Él ya estaba vestido con un traje a medida que parecía hecho a su medida. Las gafas de diseño y los zapatos italianos habían transformado al maestro de Krav Maga en el ejecutivo impecable que conocía desde la universidad.
—Un poco —admití, frotándome el hombro donde me había aplicado una llave especialmente dolorosa—. No te guardas nada, ¿verdad?
—Para eso me pagas —respondió con una leve sonrisa—. Si te dejara ganar, no tendría sentido.
—Como si necesitaras mi dinero —refunfuñé, recordando que su familia era dueña de la mayor cadena de medios de comunicación del país.
Caminamos hacia el ascensor del club. El "Santuario", como Adrián llamaba a su dojo privado, ocupaba el último piso de un edificio que era mucho más que un gimnasio. Era un centro de poder donde la élite de Manhattan acudía para negociar, hacer conexiones y, de vez en cuando, liberar sus frustraciones de manera controlada.

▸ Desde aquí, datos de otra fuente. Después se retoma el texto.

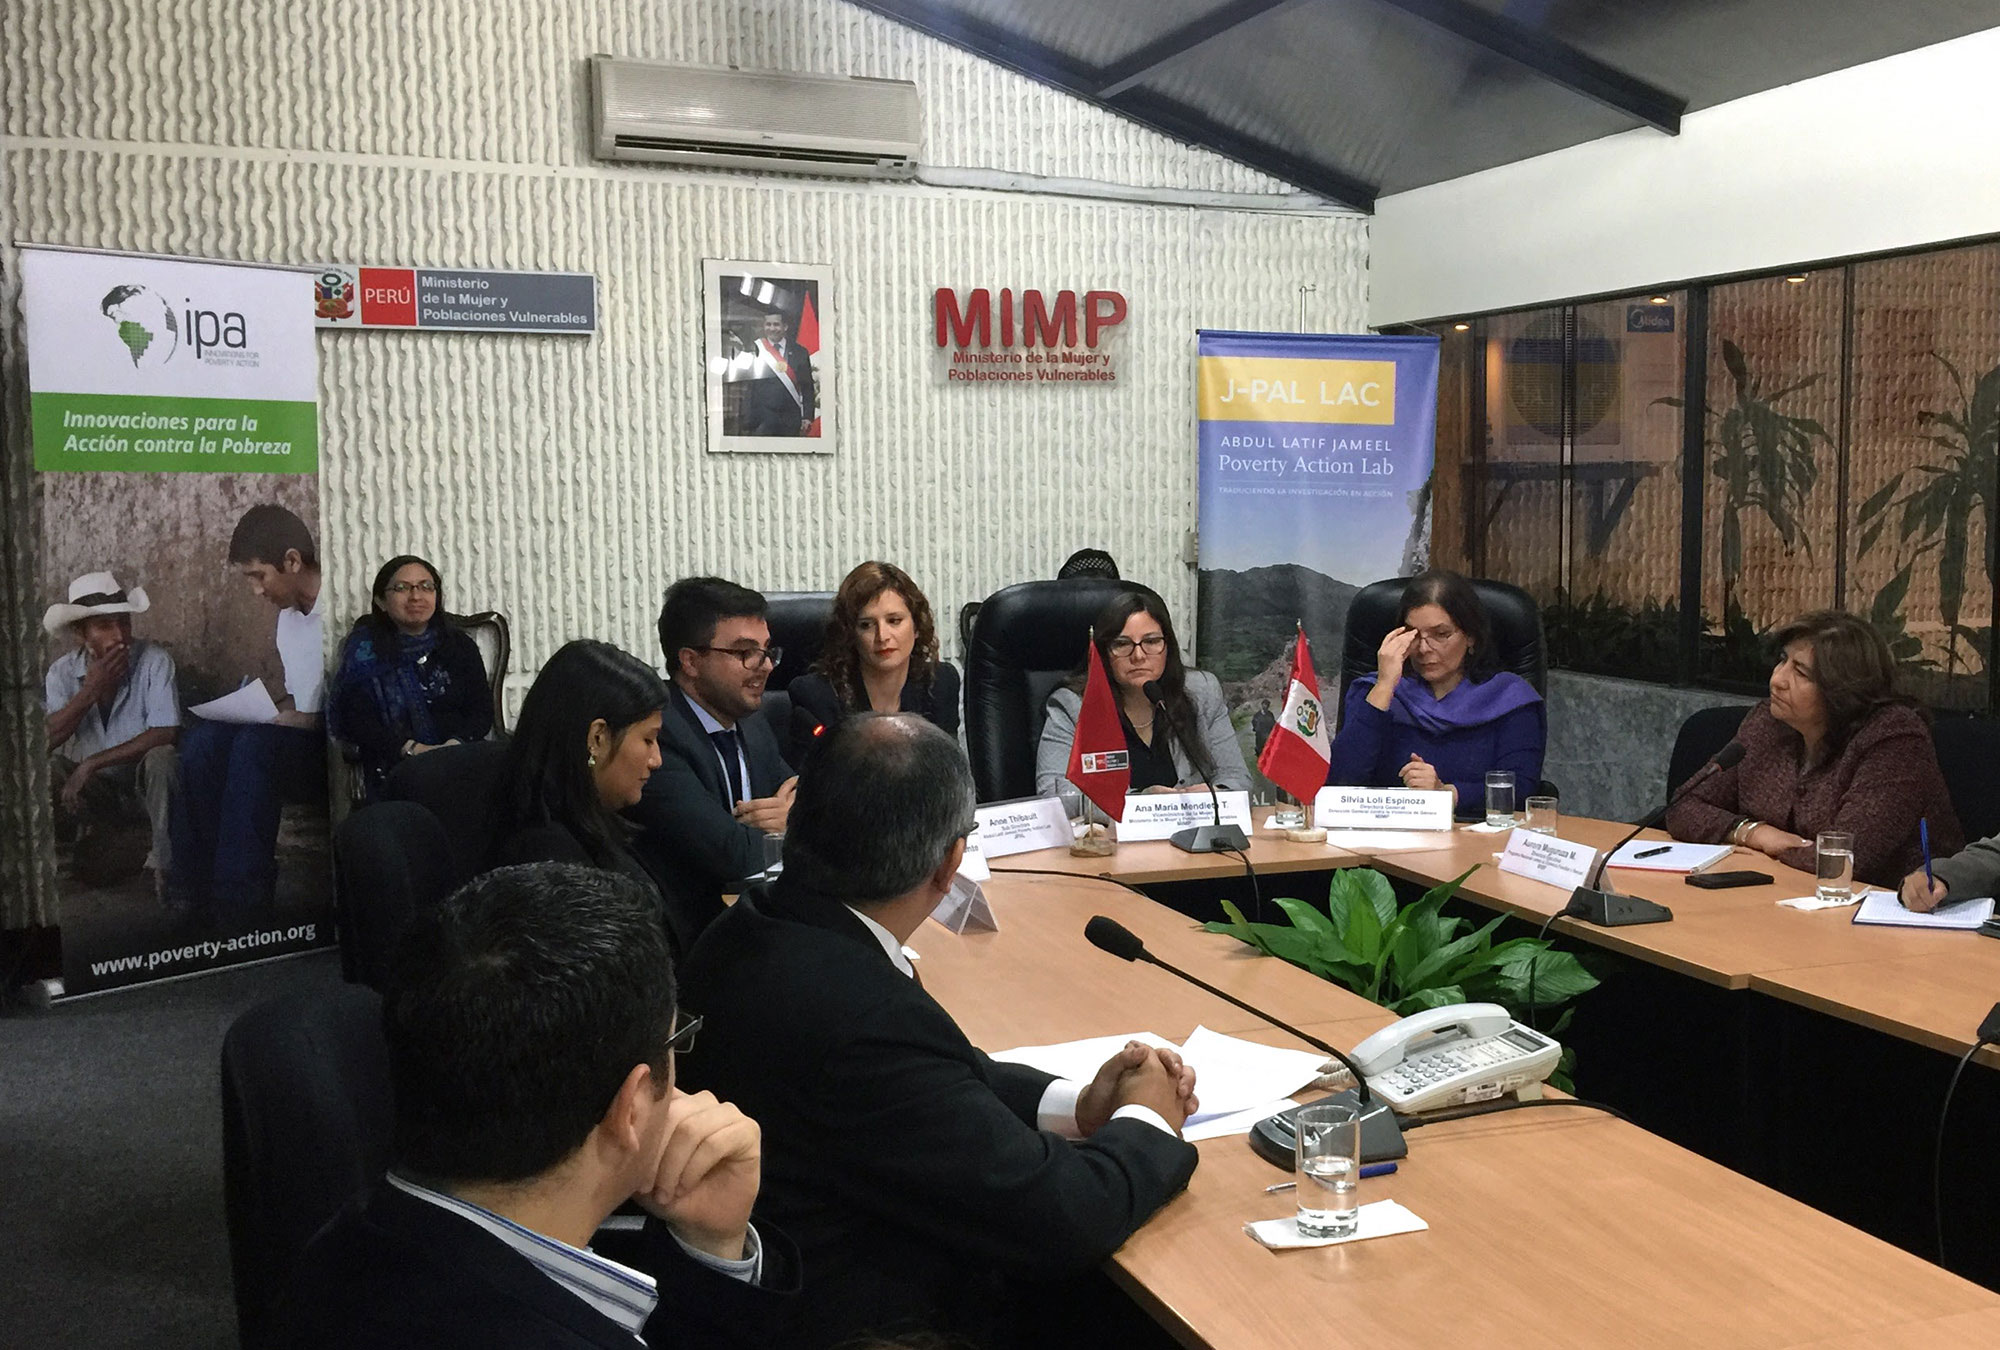 Meeting between J-PAL LAC and MIMP

—Me encontré con Valeria en la última gala del Museo Reina Sofía —comentó Adrián mientras las puertas del ascensor se cerraban—. Es elegante, inteligente y tiene un sentido del humor bastante ácido cuando se lo propone. Podrías haber tenido una compañía mucho peor.
Su simple comentario hizo que la rabia volviera a brotar en mi pecho. ¿Por qué todo el mundo parecía empeñado en convencerme de que mi prisión tenía vistas agradables?
—Si te gusta tanto, ¿por qué no te casas tú con ella? —espeté, con más aspereza de la que había pretendido.
Las puertas se abrieron al vestíbulo principal, donde varios socios charlaban animadamente junto a la barra de mármol. Adrián me lanzó una mirada que conocía demasiado bien: esa que usaba justo antes de soltar algo que no quería escuchar.
—Si mi situación familiar no fuera tan... complicada, lo consideraría —respondió en voz baja—. Solo te advierto que no la hagas pagar por los errores de tu hermano.